Qorei holds talks to cement support for new govt

Israel says 'no' to immunity for Arafat
AFP, Gaza City
Prime minister-designate Ahmed Qorei was holding talks in the Gaza Strip with Palestinian deputies and faction leaders Sunday in a bid to win support for a new government.

Qorei met representatives from the high committee of national and Islamic groups, a body which includes the hardline Hamas and Islamic Jihad movements, Palestinian sources said.

Islamic Jihad officials were at the meeting but Hamas representatives could not be seen, according to an AFP correspondent outside the venue.

Their leaders have gone into hiding after Israel launched an all-out war against the groups, mounting a series of air strikes in Gaza.

Islamic Jihad spokesman Mohammed al-Hindi confirmed that his group "will not participate" in the government but welcomed the opportunity to hold talks with Qorei.

Qorei, who is also known as Abu Ala, earlier met here with local members of the Fatah movement of Palestinian leader Yasser Arafat, and was also expected to hold talks with local members of the Palestinian parliament.

He was nominated by Arafat two weeks to succeed Mahmud Abbas as Palestinian prime minister.

Abu Ala has been seeking to cement support from across the spectrum to avoid the fate of Abbas who quit after a power struggle with Arafat.

Meanwhile, the top Israeli minister who said it would be an option for Yasser Arafat to be killed insisted Saturday that the Palestinian leader should not have "immunity" from reprisals.

Amidst international controversy over Israel's threat to expel Arafat from his West Bank base, Ehud Olmert, Israel's deputy prime minister and trade minister, told a Washington conference on the Middle East that Arafat was "responsible for terror" and should be accountable for his actions.

After the Israeli security cabinet agreed on September 11 to "remove" Arafat, Olmert intensified the international condemnation last week by saying that "liquidation" was also possible.

Olmert has since qualified his comments by stating that killing Arafat was only an option, not that it was being considered. But he took the Palestinian Authority leader in his sights again at the conference organised by the Washington Institute for Near East Policy.

Olmert said many people around the world now accept that "Arafat is now the single stumbling block" to peace and that he "sabotaged" the government of Palestinian prime minister Mahmud Abbas and had "inspired" and financed "terrorist action against Israel".
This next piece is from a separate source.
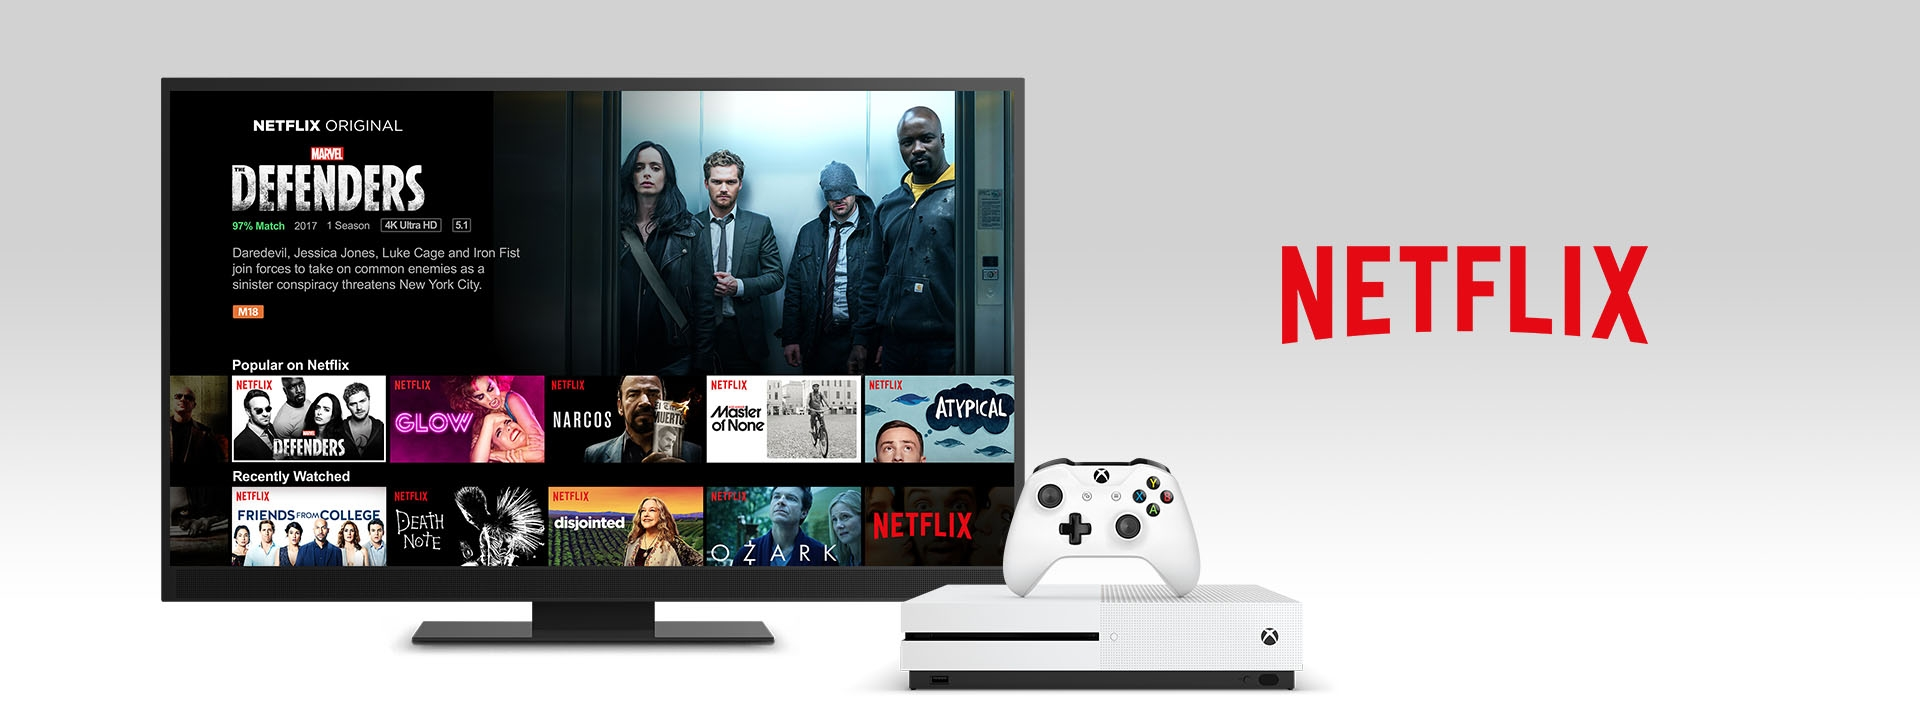 Netflix on an Xbox One

"Does he deserve to entertain immunity?" said the deputy to Israeli Prime Minister Ariel Sharon.

"Do we have to wait for more Israelis to be killed, brutally murdered in our cities, more fathers and daughters butchered on the eve of weddings, before we point the finger at the person who can stop it," Olmert said.

Arafat was defended by Nabil Abil, the Palestinian information minister, who warned that Palestinians would respond to any "aggression" against the leader with "counter results".

"Yasser Arafat is an elected leader of the Palestinian people. He is not the one giving orders for the killing of children. Stop this propaganda," Abil replied before the audience of US government officials, foreign diplomats and academics.